It seems that the major crude oil producing countries, which are so keen on a price war, forgot that in reality the oil runs out very quickly. For better understanding: 1.7 trillion barrels of oil with a production of 90 million barrels per day are approximately as the Indian Ocean from which two Gulfs of Mexico are scooped out every year. According to the simplest calculations, it seems the current world’s oil proved reserves at a current production level will suffice for 50 years. By that time it will be possible to find industrial raw commodity to replace the oil in the cycle of production of goods, find and widely implement a cost-effective energy analogue. But in reality it is not so smooth.

The annual production of each further oil barrel becomes more expensive, it is technically becomes more difficult to produce and refine heavy oil, the new proved reserves are exploring more and more slowly. A fabulous figure – $40 trillion investments will be required during the next 20 years to compensate for falling oil production at the existing fields and develop new ones to meet the growing oil demand.
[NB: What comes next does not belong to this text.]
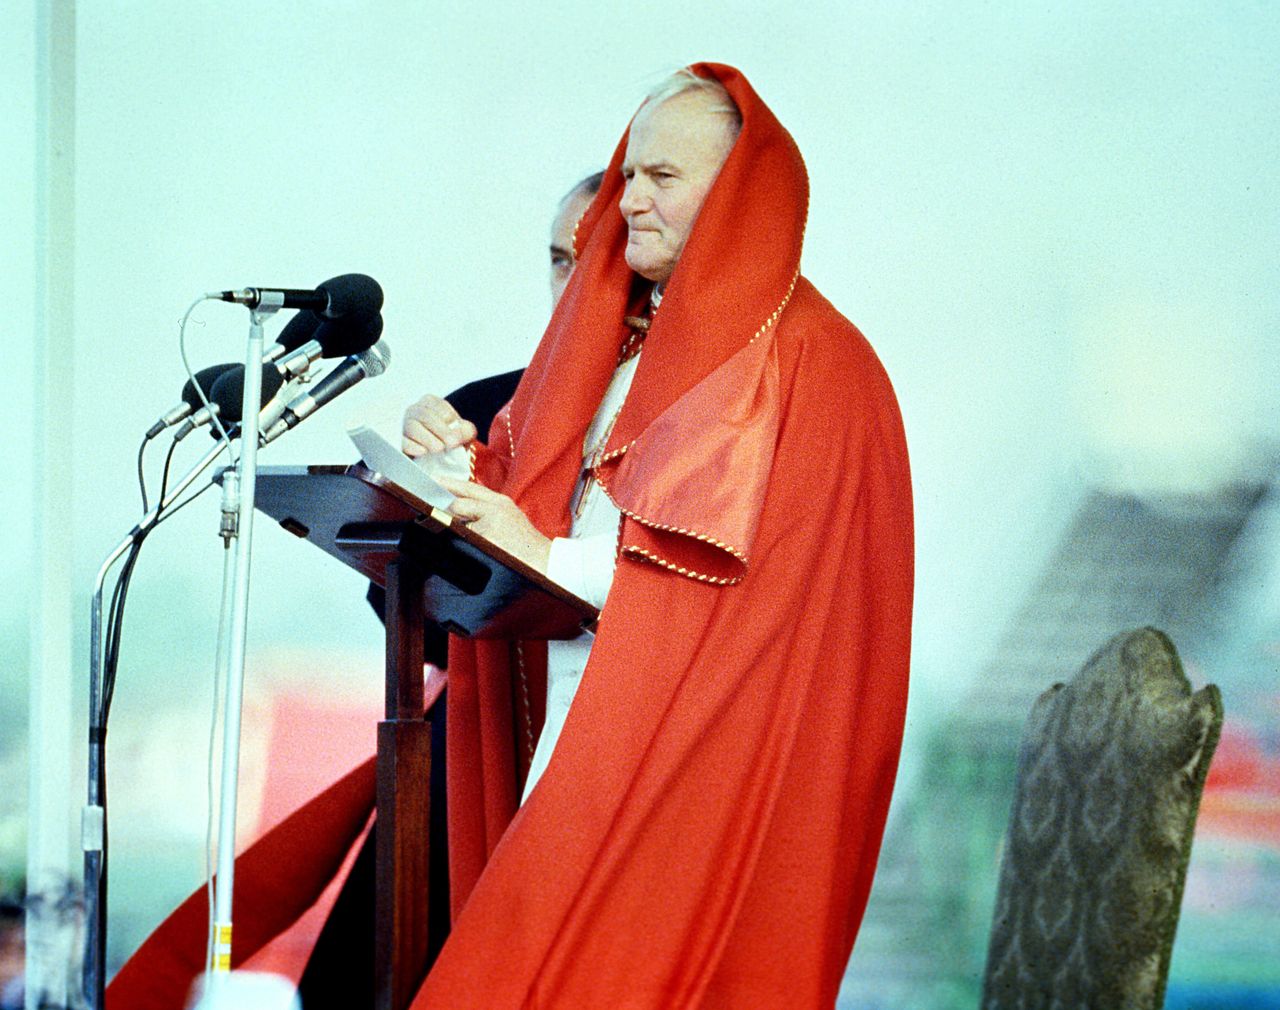  Pope John Paul II speaking at Dublin Airport in 1979.

Although it is fairly clear that proved oil reserves cannot be evaluated in real time, the situation is as follows: the world’s proved oil reserves have been increasing from a minimum of 0.02 percent up to 13 percent annually for the last 35 years. During that period, the reserves have dropped only twice – in 1998 and in 2015. The volume of reserves decreased by 0.1 percent or 2.4 billion barrels in 2015 as compared to 2014 and stood at 1.697 trillion barrels. It was a result of the decrease in estimations in nine countries – Brazil, Colombia, Trinidad and Tobago, Denmark, Italy, Russia, Saudi Arabia, Egypt and Indonesia. In total, the volume of proved reserves of these oil producing countries has decreased by 5 billion barrels of oil. The decrease was slightly offset by the growth of reserves of other countries, including Norway and Oman at the yearend.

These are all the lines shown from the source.